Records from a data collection
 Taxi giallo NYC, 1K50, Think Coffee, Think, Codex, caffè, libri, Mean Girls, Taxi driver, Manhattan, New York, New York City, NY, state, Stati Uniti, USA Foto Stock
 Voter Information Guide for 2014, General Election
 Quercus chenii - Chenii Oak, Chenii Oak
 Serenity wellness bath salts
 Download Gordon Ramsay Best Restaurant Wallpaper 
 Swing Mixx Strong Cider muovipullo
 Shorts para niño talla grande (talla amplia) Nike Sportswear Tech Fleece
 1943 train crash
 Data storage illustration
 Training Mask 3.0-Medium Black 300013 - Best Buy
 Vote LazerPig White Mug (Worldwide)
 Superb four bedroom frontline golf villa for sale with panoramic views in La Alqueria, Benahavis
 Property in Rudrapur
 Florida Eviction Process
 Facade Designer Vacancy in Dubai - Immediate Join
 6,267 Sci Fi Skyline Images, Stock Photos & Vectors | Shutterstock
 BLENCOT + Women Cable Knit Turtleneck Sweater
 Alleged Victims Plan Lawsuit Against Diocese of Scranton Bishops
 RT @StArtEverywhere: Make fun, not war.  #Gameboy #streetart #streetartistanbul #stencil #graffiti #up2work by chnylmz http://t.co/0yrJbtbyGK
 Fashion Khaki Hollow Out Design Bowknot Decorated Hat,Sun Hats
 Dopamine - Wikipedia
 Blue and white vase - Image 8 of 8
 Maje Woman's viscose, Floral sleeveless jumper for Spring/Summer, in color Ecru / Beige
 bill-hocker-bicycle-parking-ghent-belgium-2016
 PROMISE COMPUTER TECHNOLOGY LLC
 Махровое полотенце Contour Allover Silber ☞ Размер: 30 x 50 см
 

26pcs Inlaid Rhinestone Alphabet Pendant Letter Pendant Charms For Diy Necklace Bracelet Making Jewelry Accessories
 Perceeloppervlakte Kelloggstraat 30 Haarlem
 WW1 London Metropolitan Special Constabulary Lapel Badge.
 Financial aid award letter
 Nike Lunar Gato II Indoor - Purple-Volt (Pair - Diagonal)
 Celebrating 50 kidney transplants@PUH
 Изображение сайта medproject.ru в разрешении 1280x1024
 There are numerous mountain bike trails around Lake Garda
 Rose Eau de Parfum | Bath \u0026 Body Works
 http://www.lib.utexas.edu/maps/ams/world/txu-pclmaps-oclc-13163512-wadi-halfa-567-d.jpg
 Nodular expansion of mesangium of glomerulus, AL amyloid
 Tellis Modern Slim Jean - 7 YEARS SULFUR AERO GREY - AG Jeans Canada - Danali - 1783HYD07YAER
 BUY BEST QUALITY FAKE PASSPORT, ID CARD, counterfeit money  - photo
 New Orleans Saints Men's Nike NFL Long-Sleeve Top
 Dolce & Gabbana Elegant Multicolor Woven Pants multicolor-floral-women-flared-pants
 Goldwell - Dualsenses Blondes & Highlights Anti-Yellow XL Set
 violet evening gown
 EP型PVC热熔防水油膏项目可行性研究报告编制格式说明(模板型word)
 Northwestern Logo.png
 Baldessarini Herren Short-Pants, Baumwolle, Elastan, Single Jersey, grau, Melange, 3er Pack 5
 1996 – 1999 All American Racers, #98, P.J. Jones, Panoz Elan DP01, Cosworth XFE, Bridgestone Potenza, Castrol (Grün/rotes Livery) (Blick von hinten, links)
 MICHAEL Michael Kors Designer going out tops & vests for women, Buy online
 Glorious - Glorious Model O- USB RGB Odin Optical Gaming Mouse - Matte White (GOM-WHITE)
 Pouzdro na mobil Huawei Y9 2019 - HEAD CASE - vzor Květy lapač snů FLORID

HOW TO COMPLETE THIS TASK:
From the records above, extract exactly and only the lines that begin at the line with "Voter Information Guide" and stop after the line with "Financial aid award letter".

EXPECTED OUTPUT:
 Voter Information Guide for 2014, General Election
 Quercus chenii - Chenii Oak, Chenii Oak
 Serenity wellness bath salts
 Download Gordon Ramsay Best Restaurant Wallpaper 
 Swing Mixx Strong Cider muovipullo
 Shorts para niño talla grande (talla amplia) Nike Sportswear Tech Fleece
 1943 train crash
 Data storage illustration
 Training Mask 3.0-Medium Black 300013 - Best Buy
 Vote LazerPig White Mug (Worldwide)
 Superb four bedroom frontline golf villa for sale with panoramic views in La Alqueria, Benahavis
 Property in Rudrapur
 Florida Eviction Process
 Facade Designer Vacancy in Dubai - Immediate Join
 6,267 Sci Fi Skyline Images, Stock Photos & Vectors | Shutterstock
 BLENCOT + Women Cable Knit Turtleneck Sweater
 Alleged Victims Plan Lawsuit Against Diocese of Scranton Bishops
 RT @StArtEverywhere: Make fun, not war.  #Gameboy #streetart #streetartistanbul #stencil #graffiti #up2work by chnylmz http://t.co/0yrJbtbyGK
 Fashion Khaki Hollow Out Design Bowknot Decorated Hat,Sun Hats
 Dopamine - Wikipedia
 Blue and white vase - Image 8 of 8
 Maje Woman's viscose, Floral sleeveless jumper for Spring/Summer, in color Ecru / Beige
 bill-hocker-bicycle-parking-ghent-belgium-2016
 PROMISE COMPUTER TECHNOLOGY LLC
 Махровое полотенце Contour Allover Silber ☞ Размер: 30 x 50 см
 

26pcs Inlaid Rhinestone Alphabet Pendant Letter Pendant Charms For Diy Necklace Bracelet Making Jewelry Accessories
 Perceeloppervlakte Kelloggstraat 30 Haarlem
 WW1 London Metropolitan Special Constabulary Lapel Badge.
 Financial aid award letter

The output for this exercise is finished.